There are many things I wish to block out of my memory when I recall my times as a sixth-grader at Pequannock Valley Middle School: the highly exclusive cliques that instigated and perpetuated gossip, the incessant schvitzing due to the lack of air-conditioning in all of the classrooms, and, of course, the awkwardness and self-consciousness that is often attached to the 13-year-old experience. Despite these—shall I say grievances—there are countless moments I look back upon fondly, many of which occurred in the classroom. One such memory that I recently found myself reliving was the last day of sixth grade, in Mr. Danziger’s science class. I remember it vividly: standing in front of the classroom, Mr. Danziger invited all of his former, current, and future students to join him in South Carolina in the summer of 2017 to experience a solar eclipse in the path of totality. To him, it was the ultimate out-of-classroom experience. And to me? What can I say, it was the last day of sixth grade: the ending of what had been a socially-tortuous (albeit academically-invigorating) school year, so his enthusiasm towards an event that was set to occur almost ten years in the future was partially eclipsed by my eagerness for summer vacation.
Fast-forward to the beginning of August this year, and Mr. Danziger’s invitation to join him down south continued to resurface from the deepest parts of my hippocampus. It was not possible for me to travel to see the phenomena, though I was intrigued and nostalgic and I longed to talk to someone who would get to experience a total solar eclipse. I perused my old middle school website and was pleased to know that Mr. Danziger was still teaching sixth-grade science and that I could very quickly access his email.
My email to him was brief: I re-introduced myself, asked him what his plans were for the 2017 Solar Eclipse, informed him I’d be graduating Stevens with a Chemical Biology degree in May, and thanked him for instilling a wonder and appreciation for science within me during my sixth-grade year—that part is very much the truth.

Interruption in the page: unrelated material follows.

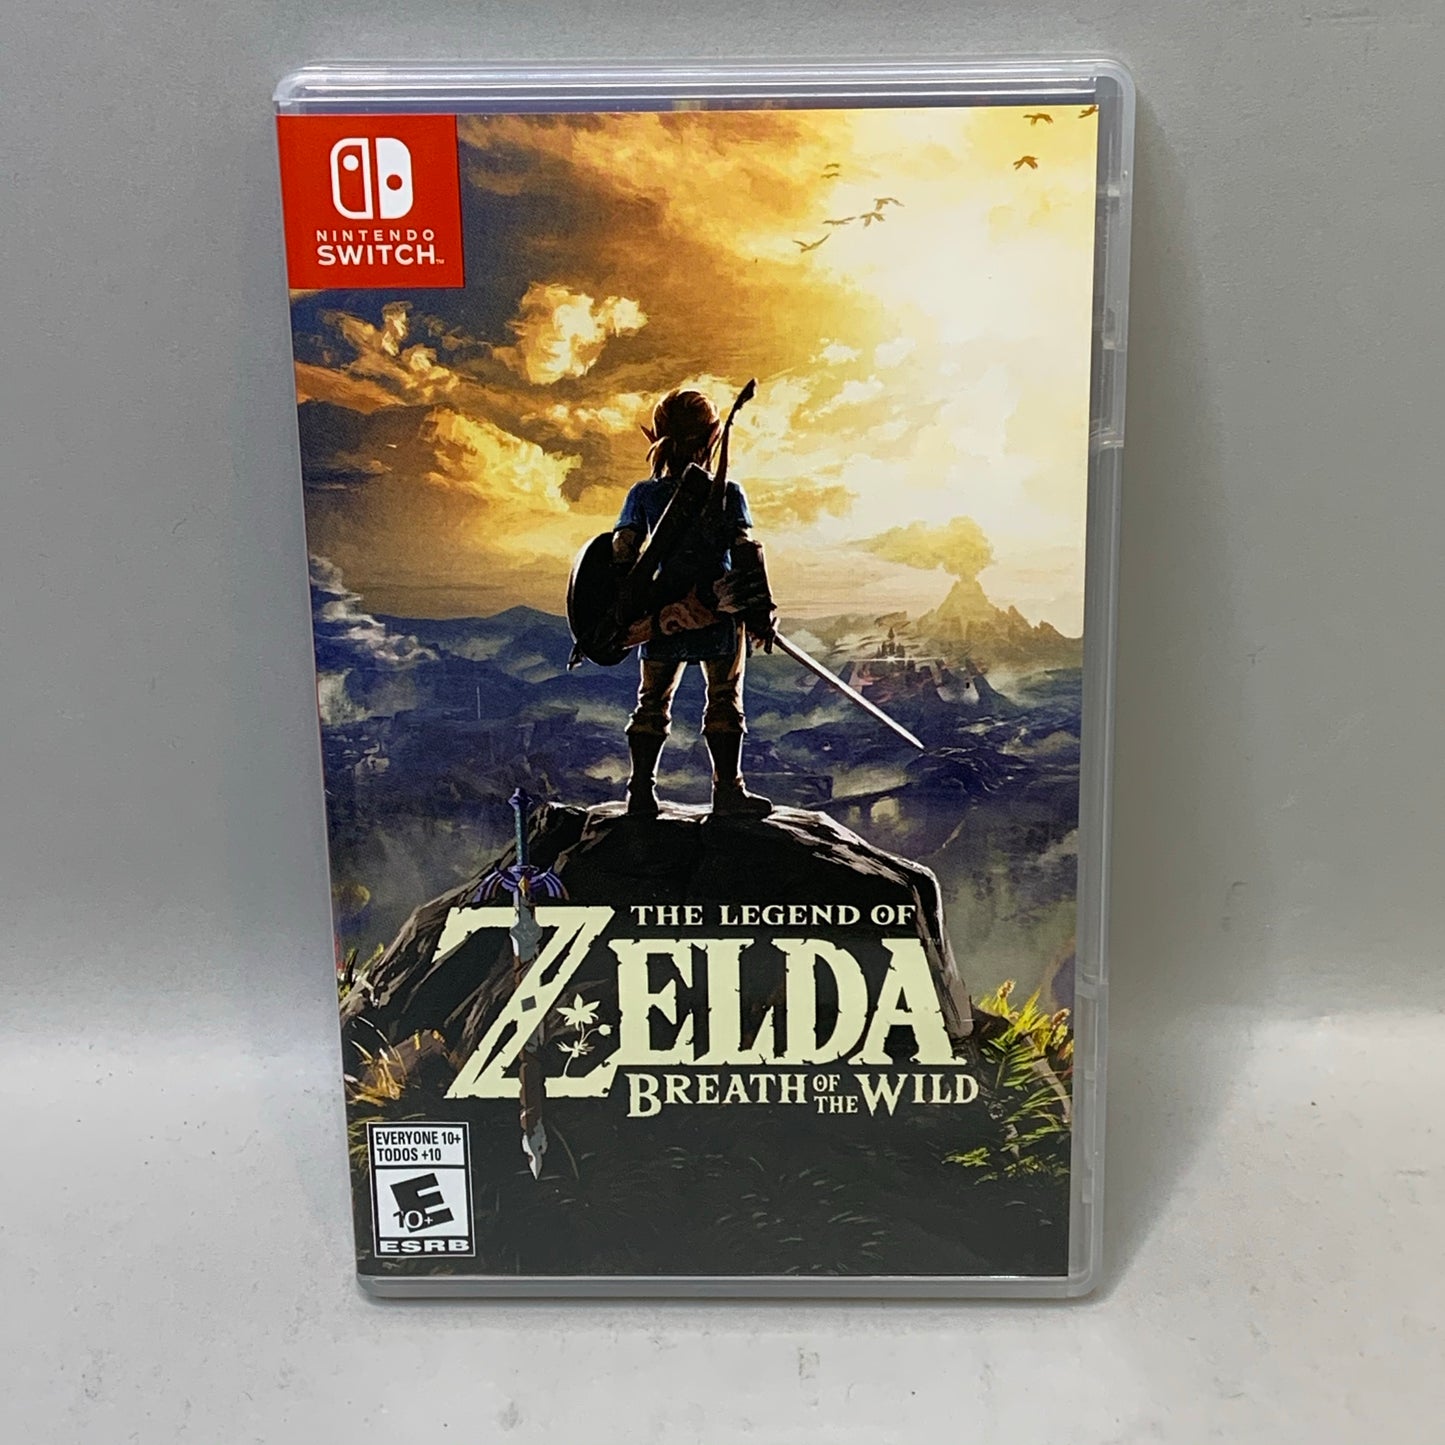 The Legend of Zelda: Breath of The Wild (Nintendo Switch, 2017)

I had doubts that he’d respond to me given we were still in summer vacation, but to my surprise, he returned my email several days later. His email was more than I expected, but what bewildered me more was that I, among all of his students in all of his years, was the only person to ever contact him about the eclipse, let alone express an interest in going. He went on further to explain that he was not going to travel this year given the sheer number of people that were expected to travel to the path of totality and instead would wait until the 2024 eclipse, calculated to be a bit closer to New Jersey.
To be quite honest, I was saddened by the fact that none of his students ever contacted him about it. Perhaps other students of his had in fact been interested and traveled to the 70-mile wide strip spanning across the contiguous United States to watch the moon traipse slowly within the sun’s path; better yet, maybe one of his students now worked for NASA or an aerospace engineering firm. But perhaps that’s one of the downsides of being a teacher—like my former high school biology teacher once wrote to me, “I often feel that the greatest shortcoming of the profession is not knowing what the next chapter in a student’s life is going to be.”

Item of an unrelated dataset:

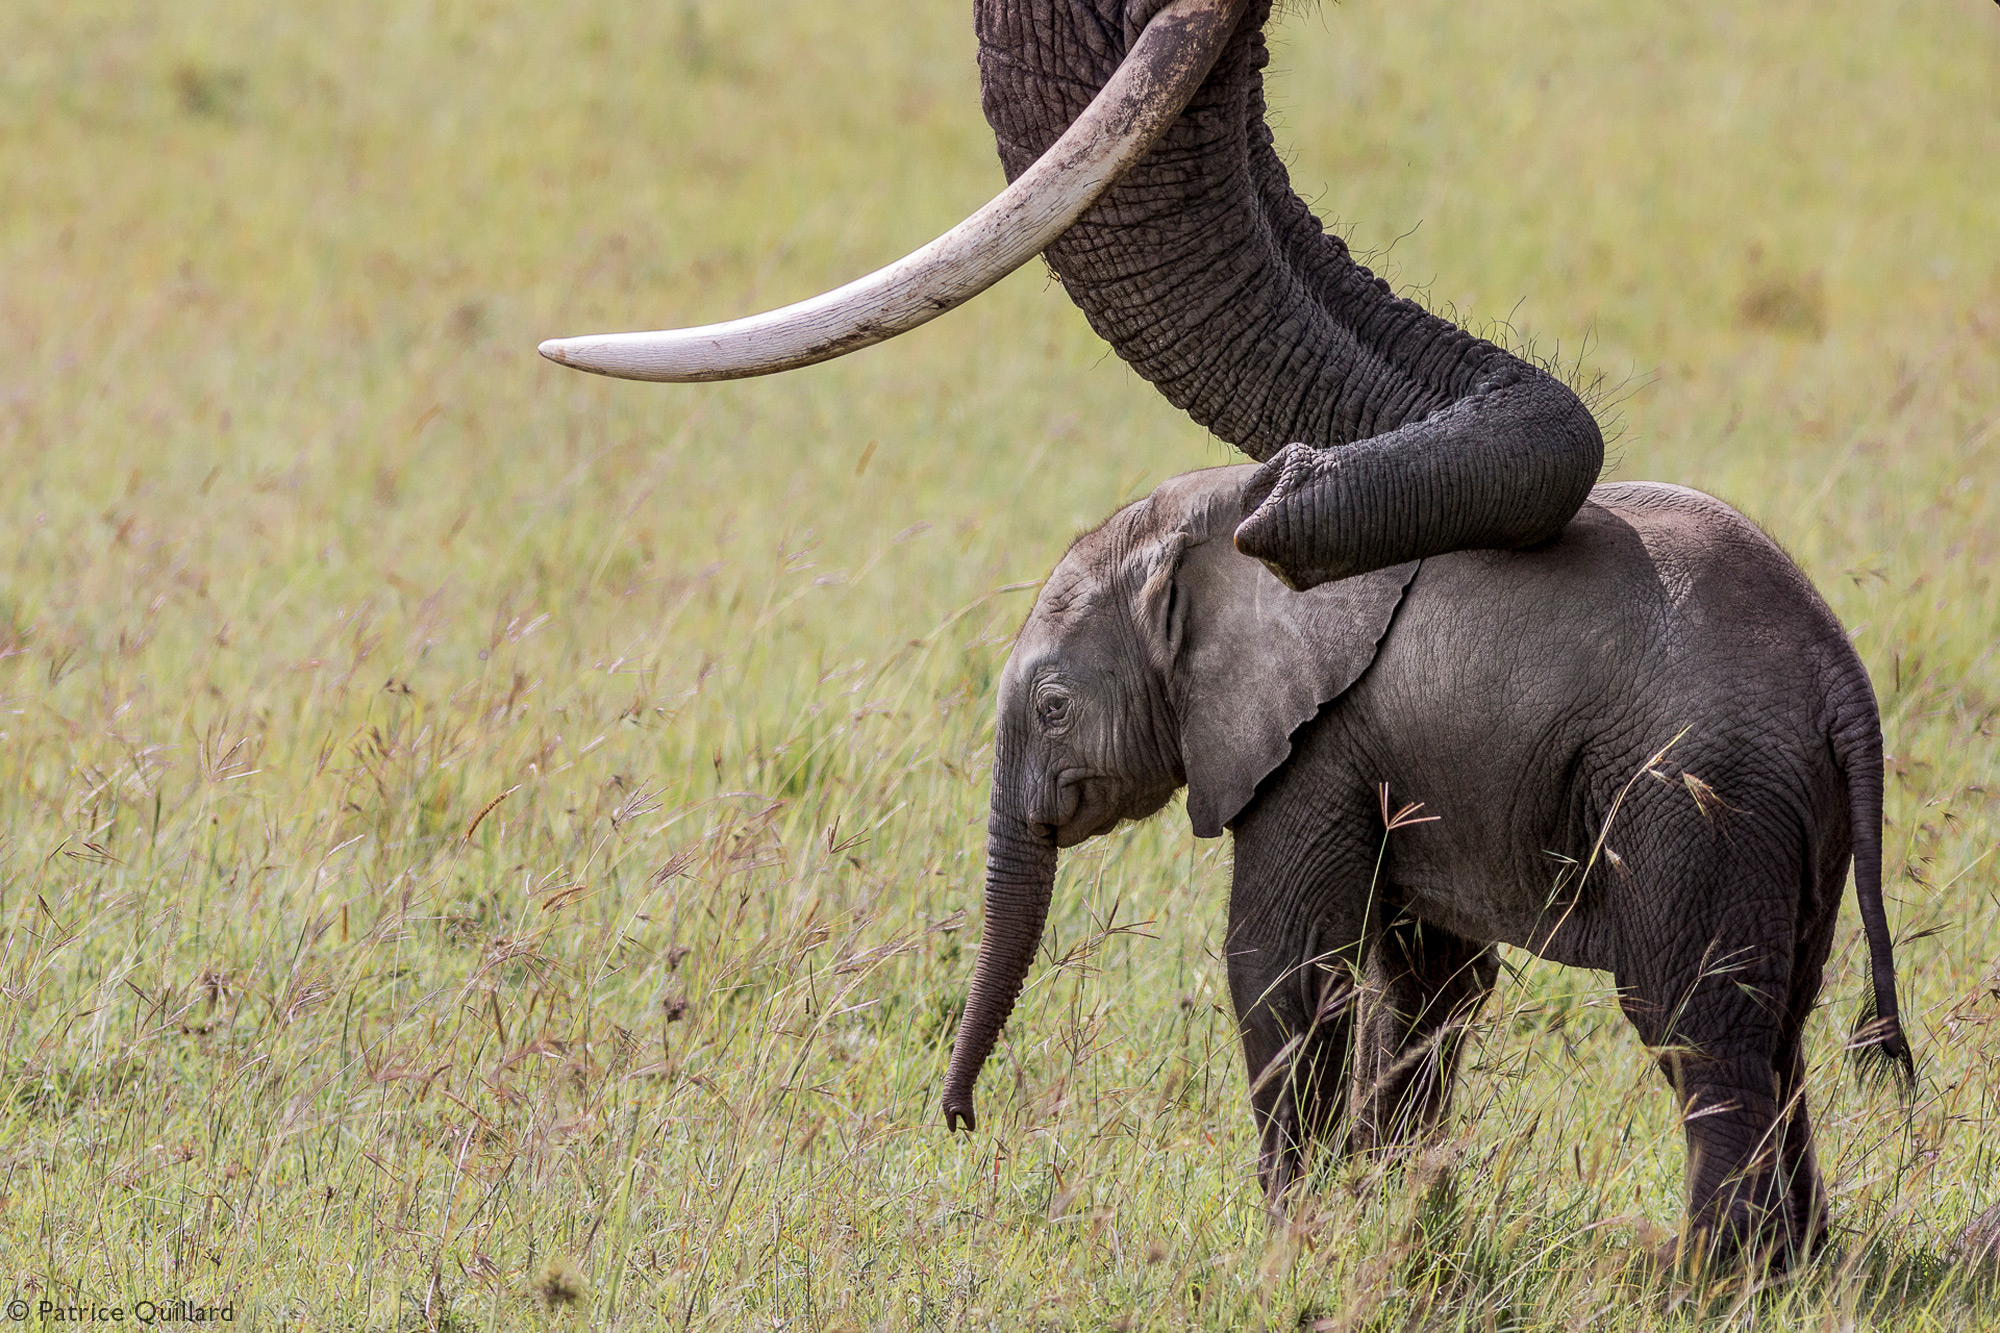 An elephant calf in Maasai Mara National Reserve, Kenya

Despite all of these thoughts, the Solar Eclipse was a glorious sight (with the right eye protection, of course). But its highly-anticipated arrival evoked a sense of appreciation within me for all those who have contributed to my education. Just like Mr. Danziger invited me and my classmates to join him in this momentous viewing, I invite you—with whatever little authority I have—to think back to someone who might have made an impression on you, however big or small. Email them, stop by their classroom when you’re home, and maybe grab lunch. I’ve learned that eclipsing our memories for fear of “living in the past” needn’t be the case. Besides, the moon is much better at that than us anyway.